Prove a group H is isomorphic to Z.

Printable View

September 22nd 2009, 08:34 PM
JD-Styles

Prove a group H is isomorphic to Z.

Let H be a group containing an element h with the following property: given a group G and an element g in G, there is a unique homomorphism from H to G mapping h to g. Prove that H is isomorphic to Z (the set of integers).

I know (or I think) that $\psi :H \rightarrow Z$ such that $\psi (h)=1$ defines an isomorphism from H to Z. It's a homomorphism and it is surjective since 1 is a generator of Z. But I'm having a tough time proving that it is injective. Any hints or advice? Thanks.
September 23rd 2009, 12:56 AM
Swlabr

Quote:

Originally Posted by JD-Styles

Let H be a group containing an element h with the following property: given a group G and an element g in G, there is a unique homomorphism from H to G mapping h to g. Prove that H is isomorphic to Z (the set of integers).

I know (or I think) that $\psi :H \rightarrow Z$ such that $\psi (h)=1$ defines an isomorphism from H to Z. It's a homomorphism and it is surjective since 1 is a generator of Z. But I'm having a tough time proving that it is injective. Any hints or advice?
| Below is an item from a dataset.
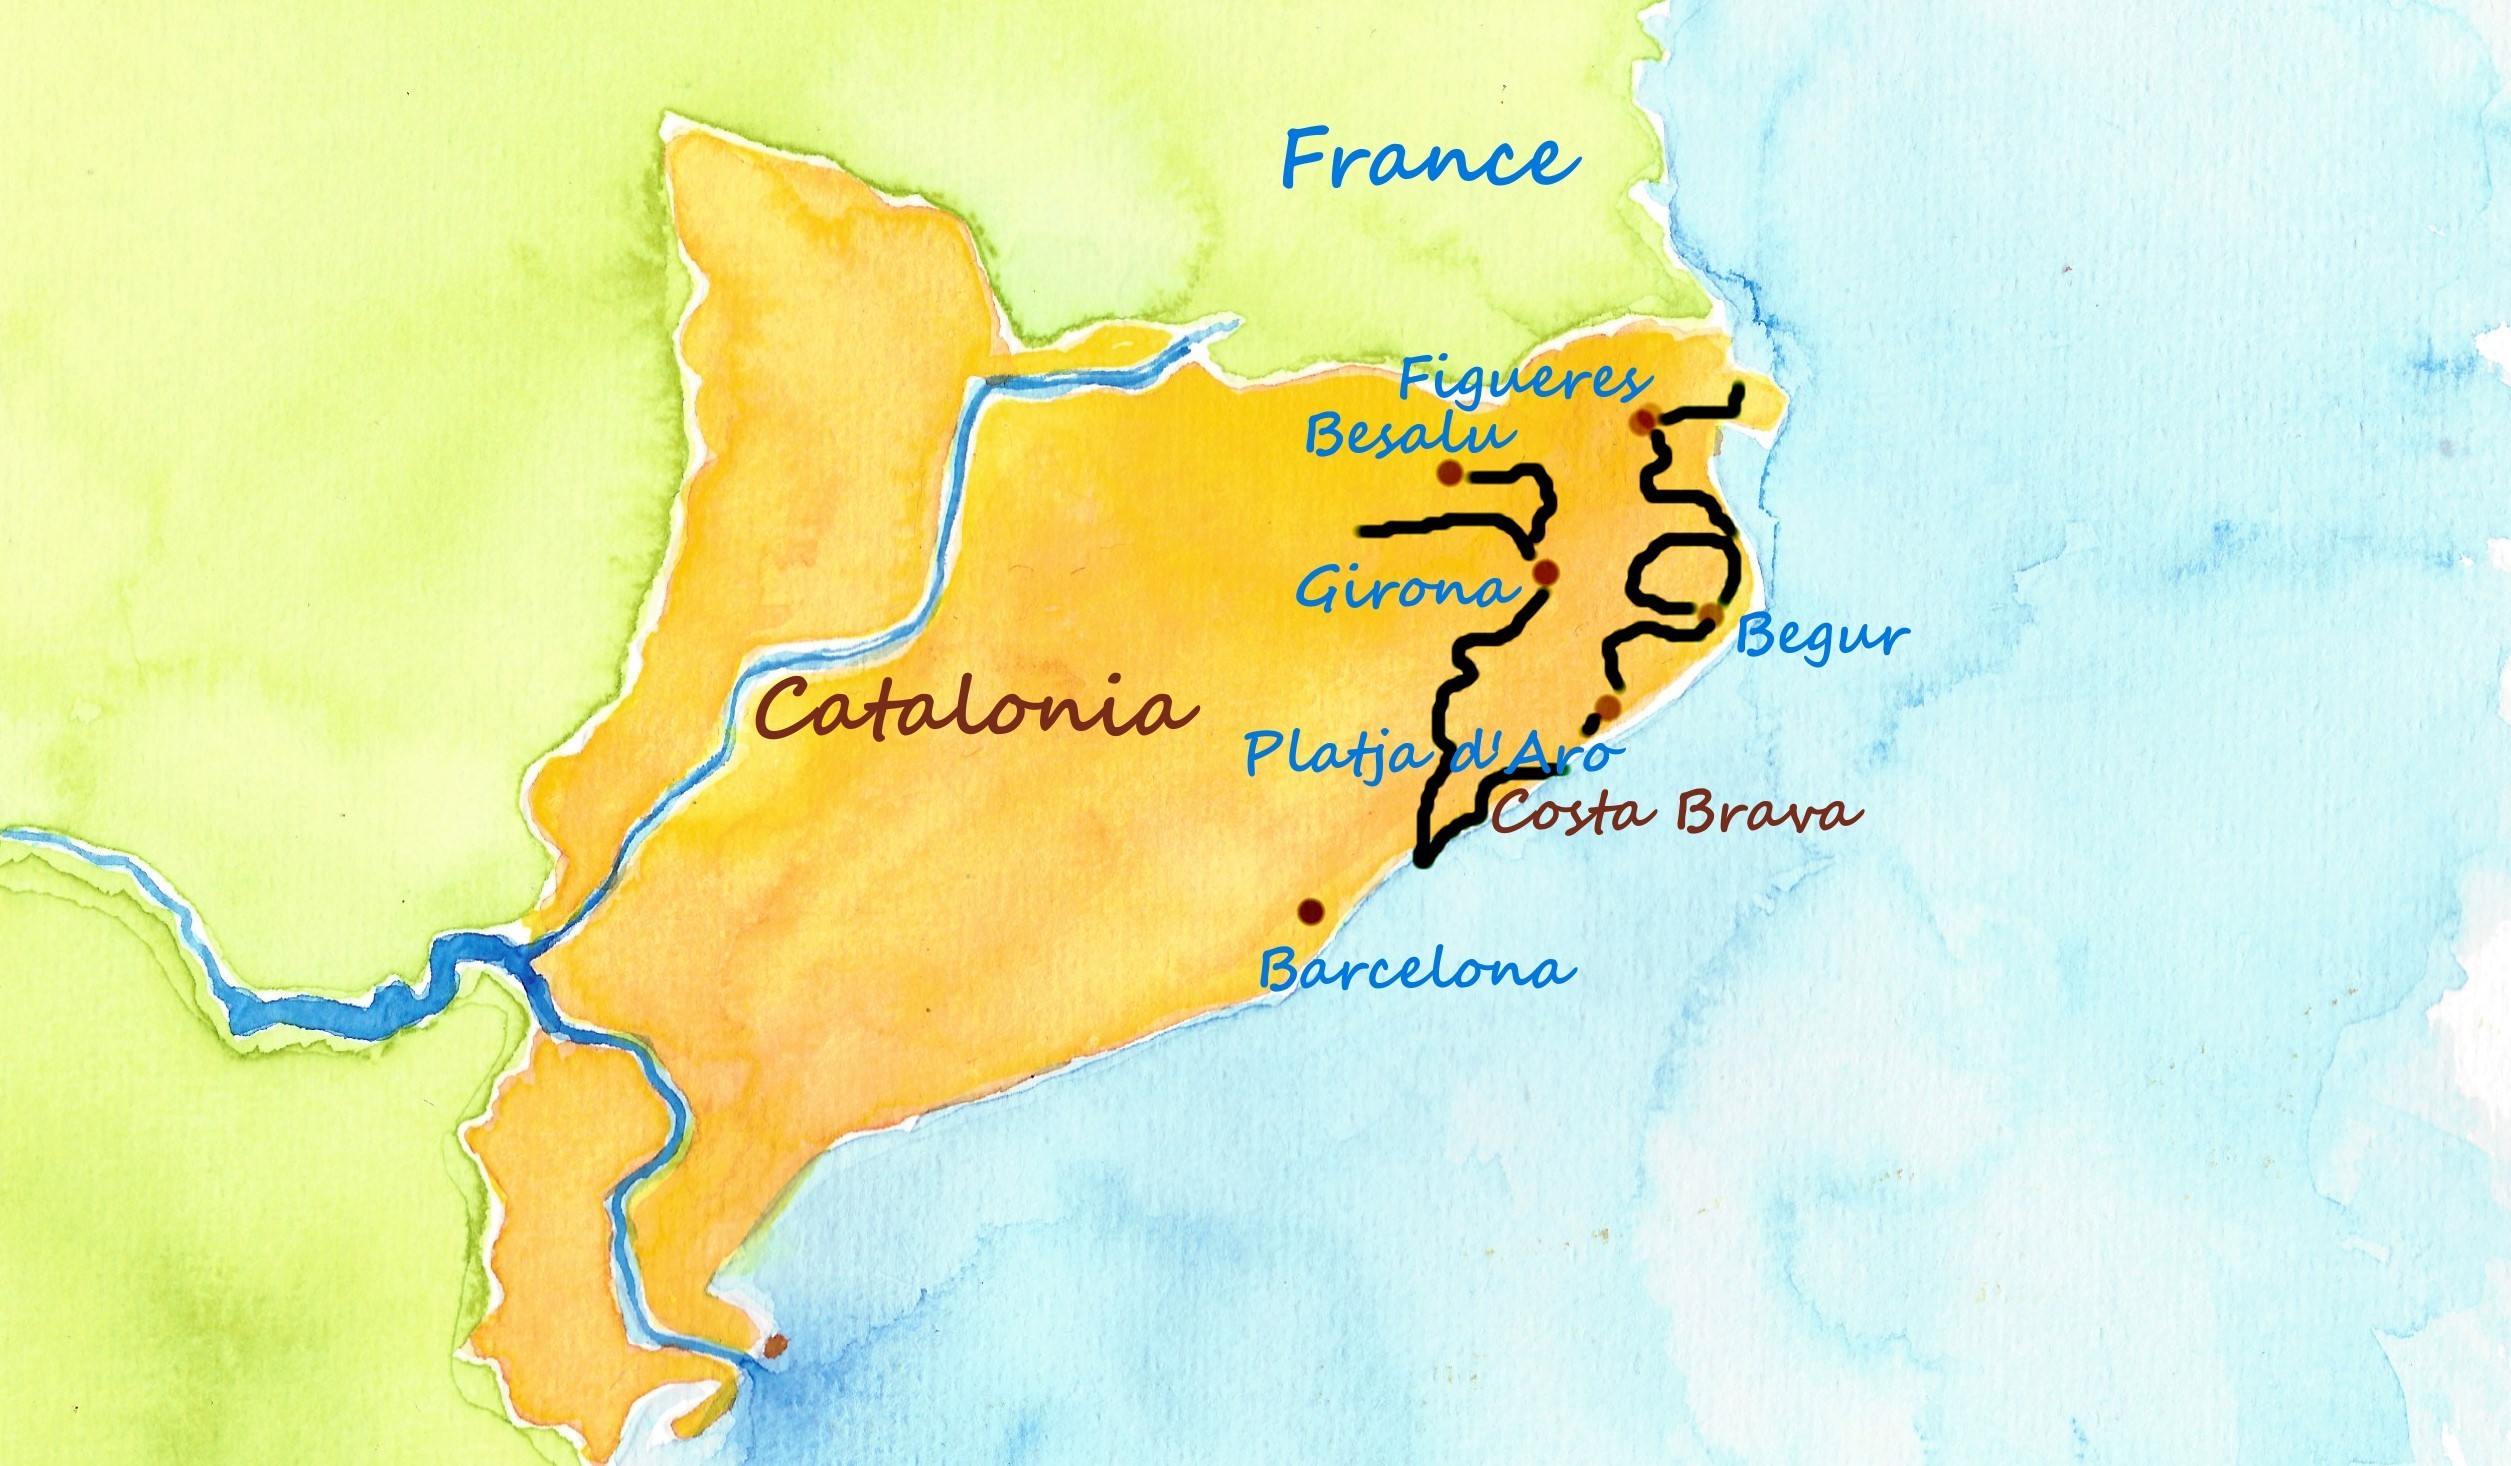 Catalonia Spain Biking Tour

Thanks.

Instead of trying to find an isomorphism you can show that $\mathbb{Z}$ satisfies this property, and also that because of the conditions imposed on $H$ mean it must in fact be $\mathbb{Z}$ (these conditions can be found by remembering that $H$ must map onto $\mathbb{Z}$ , the only infinite, one-generated group (up to isomorphism)).

Are you familiar with Free Groups?
September 23rd 2009, 06:09 AM
JD-Styles

I'm not familiar with free groups. But I'll give your suggestion a shot. Thanks.
September 23rd 2009, 12:40 PM
NonCommAlg

as Swlabr mentioned, that's just the universal property of a free group on one generator. but it doesn't mean that the proof is hard! (Shake):

consider the maps $H \overset{\psi} \longrightarrow \mathbb{Z} \overset{\phi} \longrightarrow H,$ where $\psi$ is the homomorphism sending $h$ to $1$ (your map) and $\phi$ is defined by $\phi(n)=h^n,$ for all $n \in \mathbb{Z}.$ note

that $\phi$ is one-to-one. (why?) now consider the maps $\phi \psi : H \longrightarrow H$ and $\text{id}: H \longrightarrow H,$ the identity map. we have $\phi \psi(h)=\phi(1)=h=\text{id}(h).$

thus by the "uniqueness" property: $\phi \psi = \text{id}.$ therefore for any $x \in H$ we have $\phi(\psi(x))=x,$ i.e. $\phi$ is onto and the proof is complete.
September 23rd 2009, 05:48 PM
JD-Styles

Wow. Thanks. It's so simple yet I just kept stumbling on it. Thanks a lot.
September 23rd 2009, 11:08 PM
Swlabr

Quote:

Originally Posted by NonCommAlg

as Swlabr mentioned, that's just the universal property of a free group on one generator. but it doesn't mean that the proof is hard! (Shake):

consider the maps $H \overset{\psi} \longrightarrow \mathbb{Z} \overset{\phi} \longrightarrow H,$ where $\psi$ is the homomorphism sending $h$ to $1$ (your map) and $\phi$ is defined by $\phi(n)=h^n,$ for all $n \in \mathbb{Z}.$ note

that $\phi$ is one-to-one. (why?) now consider the maps $\phi \psi : H \longrightarrow H$ and $\text{id}: H \longrightarrow H,$ the identity map. we have $\phi \psi(h)=\phi(1)=h=\text{id}(h).$

thus by the "uniqueness" property: $\phi \psi = \text{id}.$ therefore for any $x \in H$ we have $\phi(\psi(x))=x,$ i.e. $\phi$ is onto and the proof is complete.

That's a very neat proof. I like it.